"I was the slightest in the House" from Childe Emilie
Rosalind Rees, soprano/Leo Smit,piano (BRIDGE 9080)
When Leo Smit began composing songs on poems of Emily Dickinson in 1989, perhaps not even he had an idea of how large an undertaking he had embarked upon. While he had written a substantial amount of vocal music throughout his life, including a full-evening opera and recently had completed a twenty minute song cycle, “The Dwarf Heart” (1987), on poems of Anne Sexton, there was nothing in his output to suggest the extraordinary outpouring of music that eventually became “The Ecstatic Pilgrimage”, seventy-six songs grouped into six cycles. The six cycles and their thematic links are:
Cycle I: Childe Emilie (memories and fantasies of childhood) 14 songs
Cycle II: The Celestial Thrush (music and birds) 12 songs
Cycle III: The Marigold Heart (love,loss, and renunciation) 15 songs
Cycle IV: Beyond Circumfrence (death,faith and immortality) 18 songs
Cycle V: Tinted Mountains (light and landscape) 10 songs
Cycle VI: The White Diadem (poetry and poets) 7 songs
Some sense of Leo’s creative excitement is indicated by the dates of composition at the end of the manuscripts. The first song in the first cycle, “I was the slightest in the House” is dated 3/8/89, then what becomes the sixth song, “I cried at Pity-not at Pain” is dated 3/12/89. Within less than two months all the songs had been composed except the last, which was completed 7/15/89. Many of the songs were composed in one sitting, the union of words and music immediately felt and accomplished. Leo’s immersion into the world of Dickinson was total. He had found a soulmate.
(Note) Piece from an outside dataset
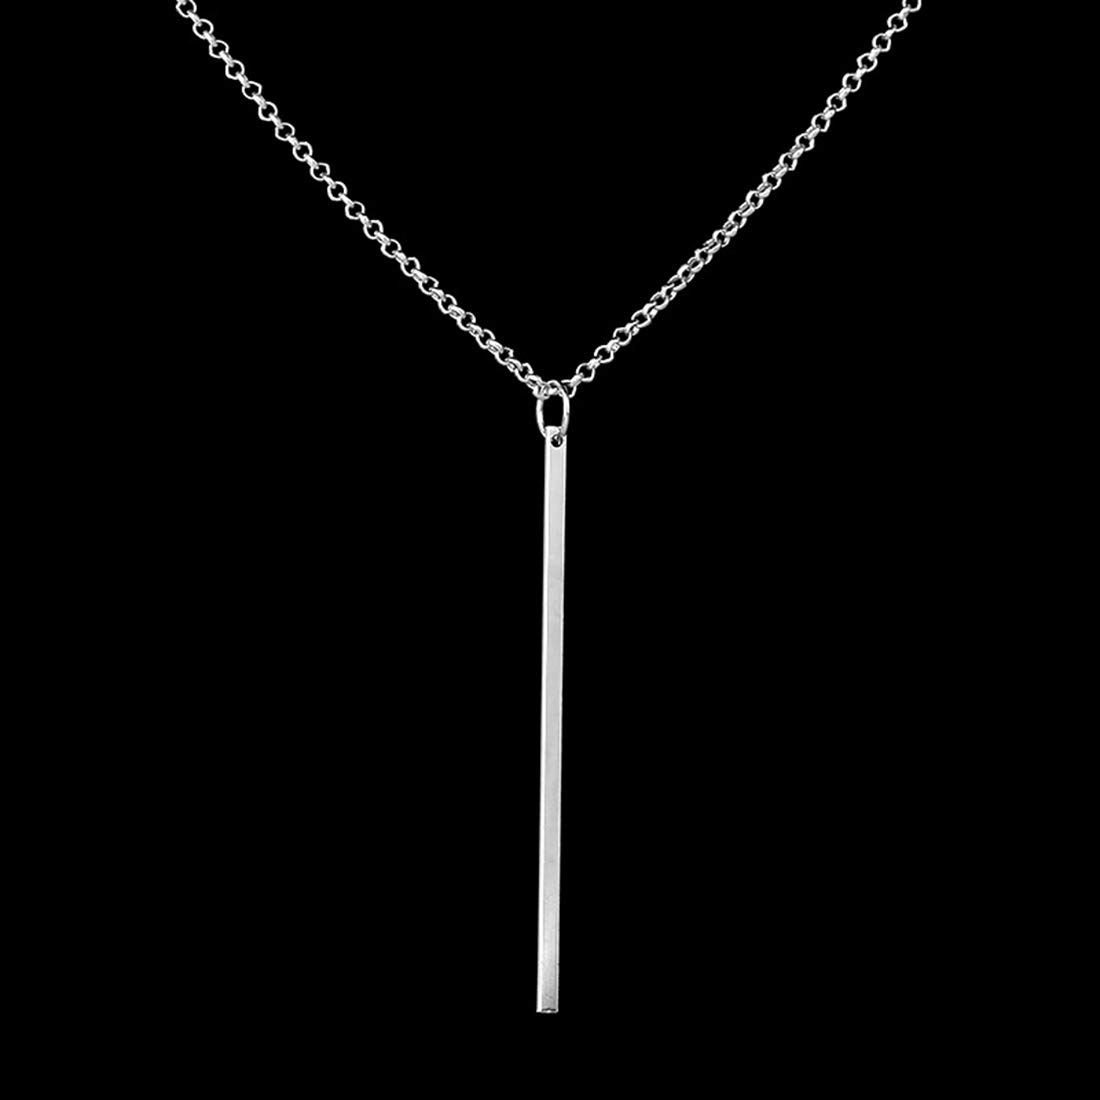 Metisee Vertical Bar Pendent Necklace Silver Decorative Long Necklaces Chain Prom Jewelry for Women and Girls (Silver)

Five of the six cycles are recorded and available on Bridge Records. Cycles I,II and VI are performed by Rosalind Rees and Leo (Bridge 9080); Cycles II and IV by Georgine Resick and Warren Jones (Bridge 9227). Cycles I and VI are published by Theodore Presser. The other four cycles are available through Theodore Front Music in engraved, composer supervised, editions.
In my notes to the Resick/Jones recording I wrote about the songs:
“In listening to them one is struck by their consistency, They get right to the text. While there are some that set up quite elaborate and pictorial piano figuration at the start (“Wild Nights”, for example), most of them quickly establish a simple piano/vocal relationship and then proceed to investigate an intervallic/registral patterning which takes place in the realm of very abstract composition. It isn’t that the words aren’t illustrated or inflected, but there is something else pushing the music forward, and that is the unleashing of a creativity no longer concerned with historical or even personal self-consciousness. The songs are about the satisfaction of finding the notes in the words.”